The military commission works as if it were delegated not to try, but to convict, and Dr. Mudd, if he be innocent, is in only less danger than if he were guilty. He has a sort of home-bred intelligence in his face, and socially is as far above his fellows as Goliah of Gath above the rest of the Philistines.
On the right of Doctor Mudd sits a soldier, who is striving to look through his legs at the judge-advocate, as if taking a sort of secret aim at that person, with the intent to fetch him down, because he makes the trial so very dry, and the soldier so very thirsty.
The last man, who sits on the extreme right of the prisoners, is Mr. Sam. Arnold. He is, perhaps, the best looking of the prisoners, and the least implicated. He has a solid, pleasant face; has been a rebel soldier, foolishly committed himself to Booth, with perhaps no intention to do a crime, recanted in pen and ink, and was made a national character. Had he recanted by word of mouth he might have saved himself unpleasant dreams. This shows everybody the absurdity of writing what they can so easily say. The best thing Arnold ever wrote was his letter to Booth refusing to engage in murder. Yet this recantation is more in evidence against than then his original purpose.
Arnold looks out of the window, and feels easy.
The reporters who are present are generally young fellows, practical and ardent, like Woods, of Boston; Colburn, of THE WORLD; and Major Poore, who has been the chronicler of such scenes for twenty years. Ber. Pitman, one of the authors of phonetic writing, is among the official reporters, and the Murphies, who could report the lightning, if it could talk, are slashing down history as it passes in at their ears and runs out at their fingers' ends.
The counsel for the accused strike me as being commonplace lawyers. They either have no chance or no pluck to assert the dignity of their profession. Reverdy Johnson is not here. The first day disgusted him, as he is a practitioner of law. Yet the best word of the trial has been his:
"I, gentlemen, am a member of that body of legislators which creates courts-martial and major-generals!"

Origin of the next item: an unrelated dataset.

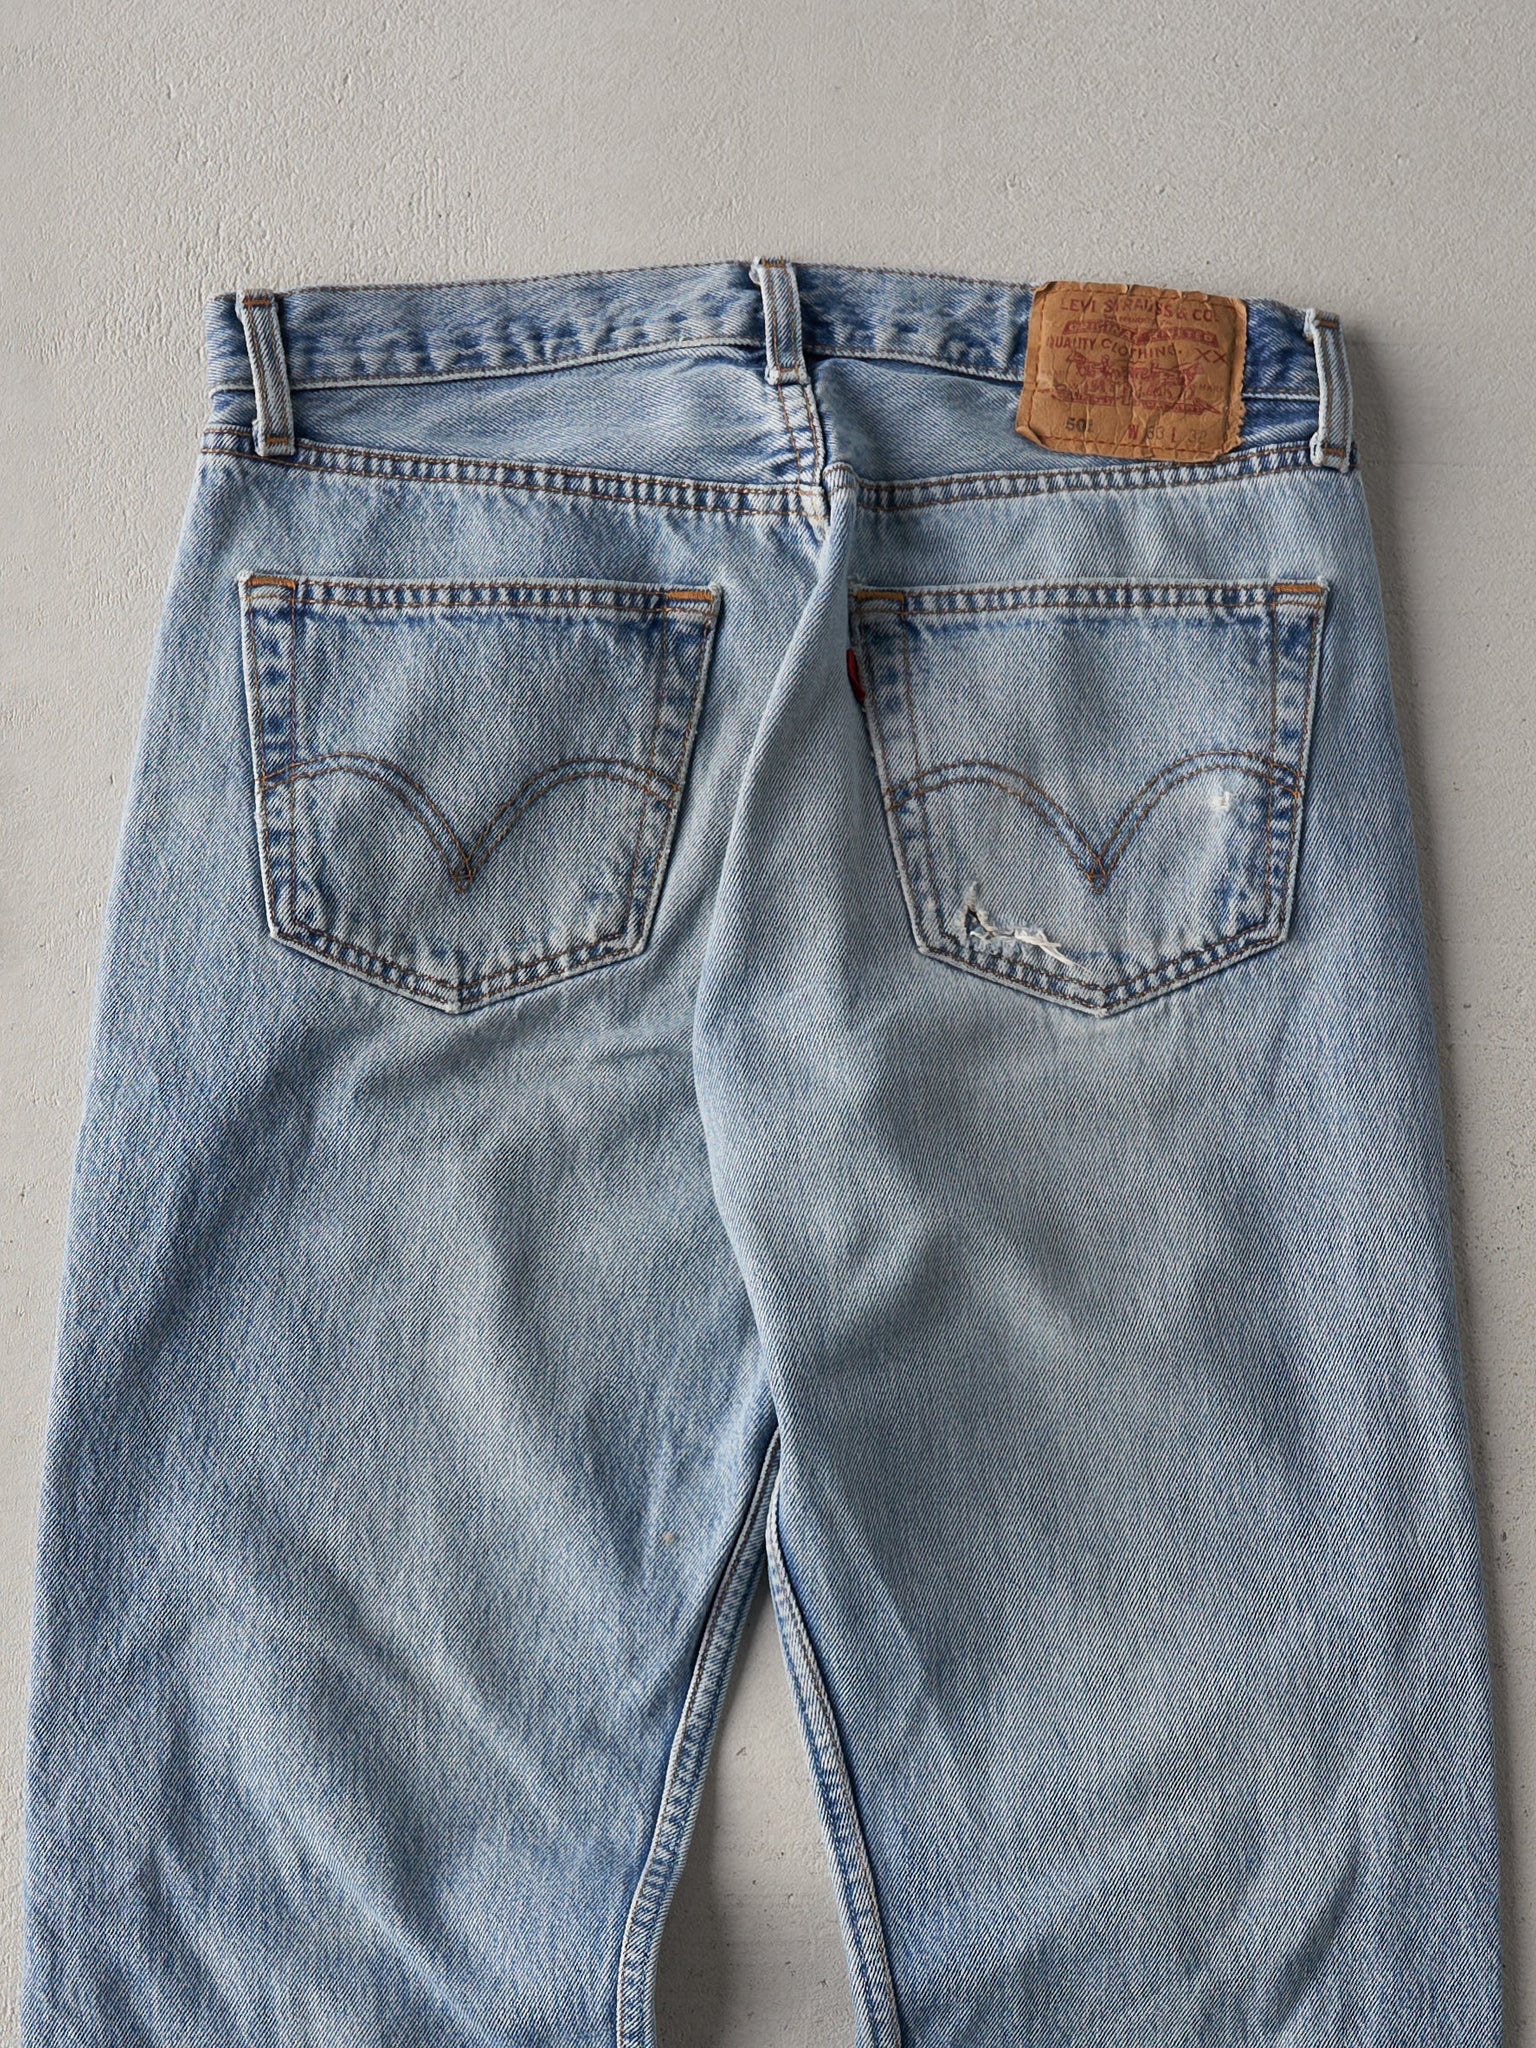 Vintage 80s Light Wash Levi's 501 Jeans (32x30.5)

The commission has collectively an imposing appearance: the face of Judge Holt is swarthy; he questions with slow utterance, holding the witness in his cold, measuring eye. Hunter, who sits at the opposite end of the table, shuts his eyes now and then, either to sleep or think, or both, and the other generals take a note or two, and watch for occasions to distinguish themselves.
Excepting Judge Holt, the court has shown as little ability as could be expected from soldiers, placed in unenviable publicity, and upon a duty for which they are disqualified, both by education and acumen. Witness the lack of dignity in Hunter, who opened the court by a coarse allusion to "humbug chivalry;" of Lew. Wallace, whose heat and intolerance were appropriately urged in the most exceptional English; of Howe, whose tirade against the rebel General Johnson was feeble as it was ungenerous! This court was needed to show us at least the petty tyranny of martial law and the pettiness of martial jurists. The counsel for the defence have just enough show to make the unfairness of the trial partake of hypocrisy, and the wideness of the subjects discussed makes one imagine that the object of the commission is to write a cyclopedia, and not to hang or acquit six or eight miserable wretches.